The simulated slug in essay 14 is always motivated to search for food and to eat while it’s moving over food. Adding satiety is a natural step to explore motivation. Before modifying, the slug is spontaneously motivated to move in a semi-random direction and to pause when it’s over food, but when the slug is full, it doesn’t need to search for food and can slow to save energy. As with the original slug, the spontaneous motivation is still to explore and eat, but satiety inhibits that motivation.
Modifying the exploration motivation system resembles [Brooks 1990] subsumption system, where higher layers modulate lower systems. In contrast, a hunger system would be more of a stimulus-response system than a spontaneous motivation system. As an engineering problem, the intrinsic motivation is more robust because the system recovers if the satiety/hunger system is faulty, while a hunger-stimulus system would leave the animal to starve because it’s not motivated to search for food.
Exploring vs eating
The satiety signal could suppress feeding instead of suppressing searching for food. Because a slug can eat while moving, the two systems are essentially independent. In behavior, this distinction between foraging and eating is the distinction between approach behavior and consummatory behavior, which are handled in different brain areas.
In vertebrates, the brainstem controls consummation, specifically the parabrachial nucleus (B.pb) and B.nts. [Grill 2002], while the hypothalamus controls approach toward potential food. Besides its role in eating, B.pb is an extremely important area for motivation and learning because it responds to unconditioned stimuli (US), like taste, pain, irritation, etc. Unconditioned stimuli is the raw sensation for punishment and reward learning. So, this essay simulates hypothalamic modulation instead of B.pb, but simulating either at this level of detail is trivial.
Simulation
When the slug is over food, satiety increases as if it were eating. Satiety decays over time. When the satiety level is above a threshold, the slug slows.
In the alternate (B.pb) behavior, the slug could suppress its pausing behavior over food. In the above screenshot, that pause would suppress the last yellow arrest spikes, and the slug would move normally despite crossing over food.

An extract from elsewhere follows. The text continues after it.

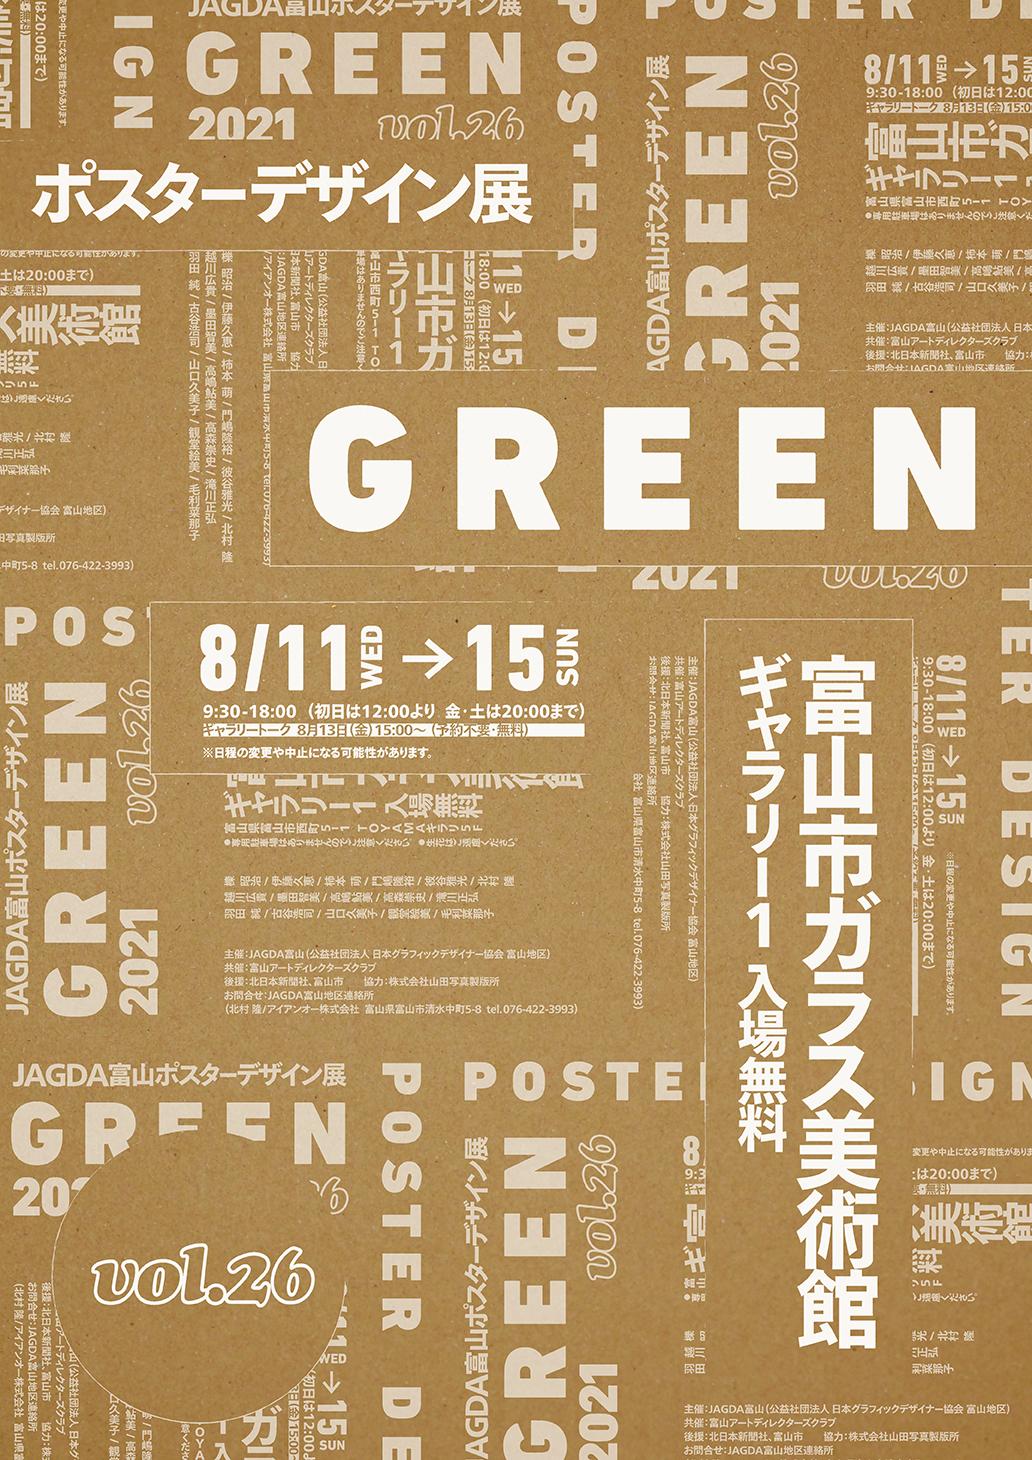 JAGDA富山ポスターデザイン展2021 GREEN vol.26【JAGDA富山地区】

fn satiety_speed_update(mut body: ResMut<Body>) {
if body.get_satiety() >= 0.75 && ! body.is_sensor_food() {
body.speed(0.5);
}
}Actually, this code looks wrong, because the satiety shouldn’t depend on the food sensor. I’m leaving it because it’s wrong in an interesting way. The correct behavior suppresses locomotion, which is the intent of the speed 0.5. If the sensing food overrides the locomotion suppression, that conflict-resolution needs its own node. Satiety needs to suppress locomotion, and sensing food needs to unsuppress locomotion. In this code, satiety is unsuppressing itself. The behavior is correct, but the control is wrong.
In mammals, the satiety system is complicated. For example, in B.pb the taste of spoiled food is spontaneous and needs to be suppressed to eat [Grill 2002]. Satiety allows the sensation of rotten food to proceed, which causes the animal to stop eating. Hunger suppresses the sensation, allowing the animal to eat.
Which all sounds needlessly complicated, but might make sense as an evolutionary system. Since a slug or a filter-feeder eats continuously, unless its food is rotten or toxic, evolution would need to create a “stop eating toxic food” system as a higher priority than satiety. Once the stop eating system exists, it can hijack that system for satiety; the animal stops eating because it feels nearly sick. Evolution doesn’t care if the logic doesn’t make sense, as long as the system works.
References
Brooks, R.A. (1991), ‘Intelligence without Representation’, Artificial Intelligence 47, pp. 139-159.
Grill, Harvey J., and Joel M. Kaplan. “The neuroanatomical axis for control of energy balance.” Frontiers in neuroendocrinology 23.1 (2002): 2-40.